To make a long story shorter- the increase in stored energy is equal to
the
external work put in.

(snip)

This all comes from application of conservation of energy which, as far
as I
know, has passed all tests successfully. If you are applying external
work,
you are increasing the stored energy in a permanent magnet system.
Conservation of energy also means no free ride.

Don Kelly

Hold on. The reason we're having this discussion is because
conservation
of energy seems to give the wrong answer. Do you remember that guy
Rudy who posted this question in the first place? He wanted someone
to analyze this with thermodynamics. Why? Maybe because you have
to look at the entropy of the magnet to get the right answer. Don, you
are ignoring some very clear problems with the conservation of energy.
It DOESN'T give the right answer, and sometimes when it SEEMS to,
you look more closely and you find the sign is wrong. This needs to
be explained.
------

I see no sign problems. Also please note that conservation of energy is, in
fact, the first law of thermodynamics.
I do see a problem in that the model for the two magnets facing each other
N-N must consider the leakage flux only as there is no "across the gap"
flux, and how this leakage changes with the gap. The area and the flux both
will be affected and the problem gets messy as the flux distribution is
definitely non-uniform. The stored energy within the magnets isn't going to
change that much as the B in the magnet will be depend on the near constant
total length of the leakage and magnet path but the area of this path will
decrease as the magnets are put closer together, (B^2)*A will increase so
the stored energy in the leakage path will increase. The work done by the
magnet as the gap decreased is negative (and the mechanical work is into the
magnet- i.e. stored -is positive). In the case where the magnets are N-S
there is no problem for small gaps but leakage also provides a limiting
case. Note also that when B=0, the stored energy in the magnet is maximum
because you are in the second quadrant of the B-H curve and as the gap
increases the H.dB is positive. This corresponds to the case where the
magnets are far apart with no leakage. With leakage the minimum B and
maximum stored energy is determined by the leakage. Analysis on an energy or
coenergy basis gives not only the right answers but also the right sign. The
big problem in doing this is finding the energy for a non-uniform
situation. Another approach than the energy approach is to use the concept
of shear forces at boundaries.

As for sign- I have been considering positive magnetic force in the
direction of an increase in gap.
In the case of the N-S magnets the mechanical work done BY the magnet is
negative as the force is opposite to the change in gap. and the stored
energy increases as the gap increases.
This fits with the change in operating point on the B-H curve. As I have
repeated, what happens depends on how the leakage flux path changes as well
as what goes on inside the magnet. Use of B^2/2muo times gap volume is good
only for small gaps where B can be considered uniform.
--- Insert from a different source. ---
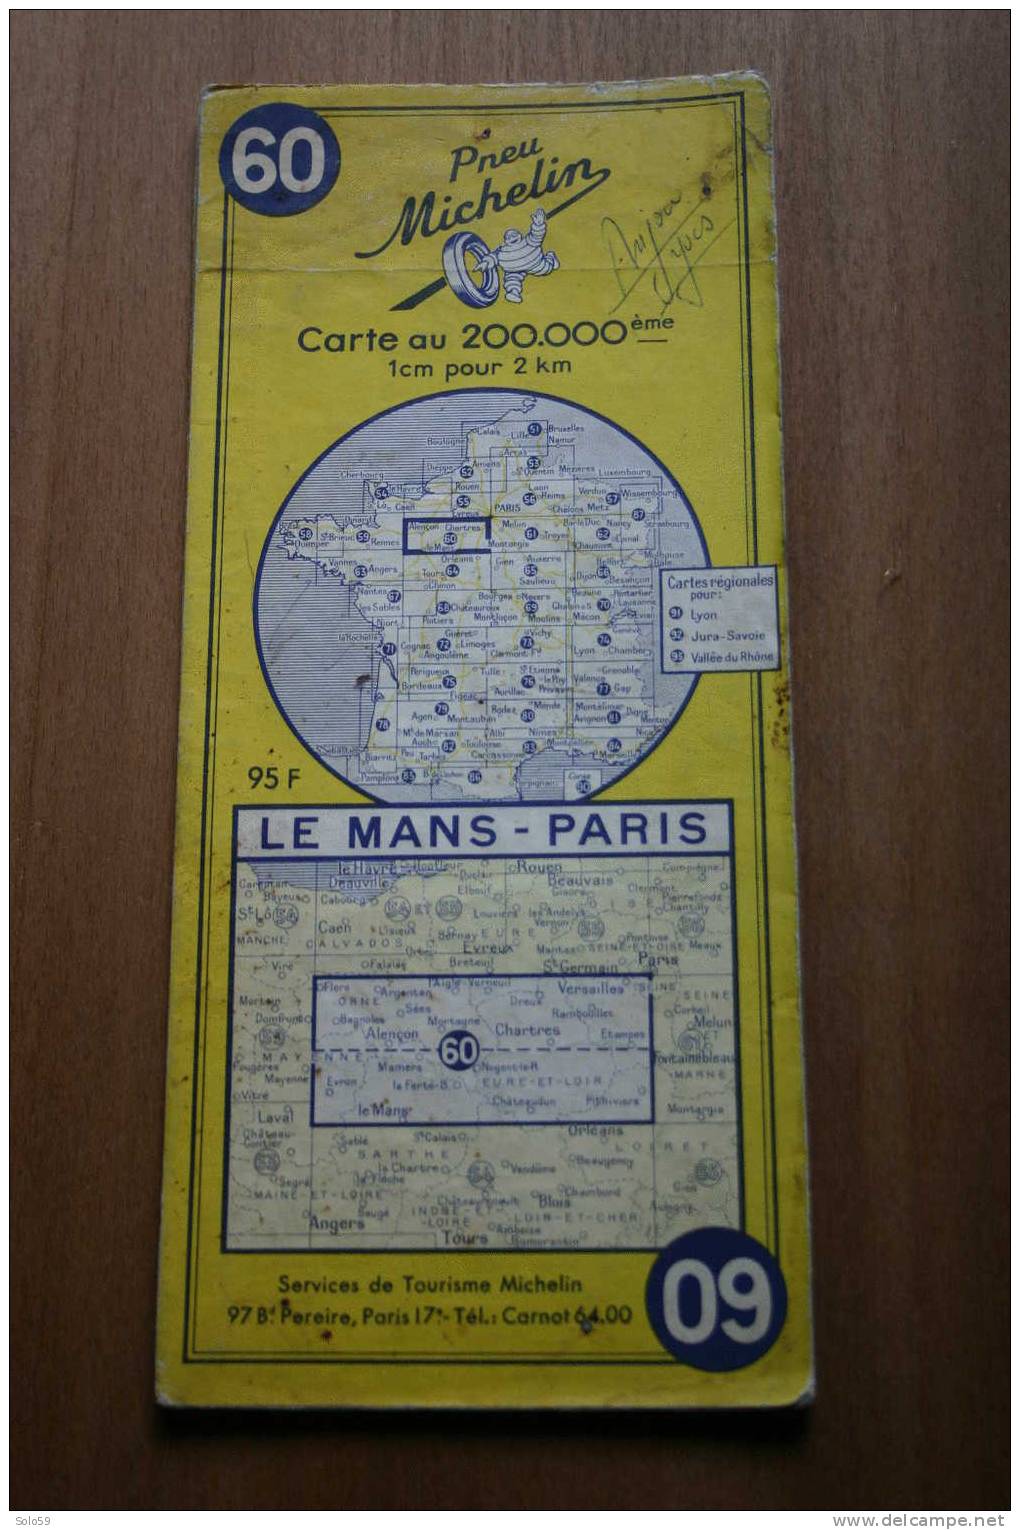 CARTE MICHELIN N°60 LE MANS  - PARIS 1956 - Cartes/Atlas

Note also that the energy viewpoint expresses magnetic force as the negative
of the partial derivative of stored energy with position for constant flux
or constant B --or as the partial derivative of coenergy with position for
constant mmf. The latter can be used for the permanent magnet case as there
is a virtual mmf M*length of iron. This is pretty standard textbook stuff.
---------------

Quote:

If you are not convinced by the very clear example I gave previously,
then consider the rotary magnet configuration of a multipole motor.
The rotor and stator each have N-S-N-S-N-S...alternating poles.
When they are lined up north-versus-north, the field vectors CANCEL
and there is NO stored magnetic energy. When you allow it to rotate,
so north faces southy, the field vectors re-inforce and there is LOTS
of
field energy. How do you explain this by conservation of energy?
---------

Note that the rotary magnet device (not a motor) is N-N, S-S there is no
mutual flux- true as in the C magnet case. However, the flux paths for the
rotor and stator are exclusive and consist only of leakage paths. In other
words the flux is directed mainly between N and S on the stator and on the
rotor (some N-S from one to the other as well) These leakage paths
determine the stored energy at that time.
Sure there are forces that exist -both radially and tangentially -the
latter being of interest. If this force moves the rotor then there is
mechanical work being done by the magnet and a corresponding reduction in
stored energy in the magnet. Now when the poles are lined up N-S, you are at
the minimum internal stored energy position (not LOTS so this is where I
disagree strongly with you) - as close as you can get on the B-H curve to
H=0 and B= the remanent flux density - i.e at the bottom of the local
magnetic hill. Of course there is still stored energy in the gap and in the
magnet but as a PM device will not leave the second quadrant of the B-H
curve, you cannot access this and for all intents and purposes it can be
called 0.
So the PM rotor- stator device reaches a stable steady state situation where
it is at the minimum energy position and stays there until some external
source moves it away. Release it and it converts stored energy back to
mechanical energy to return to the stable position.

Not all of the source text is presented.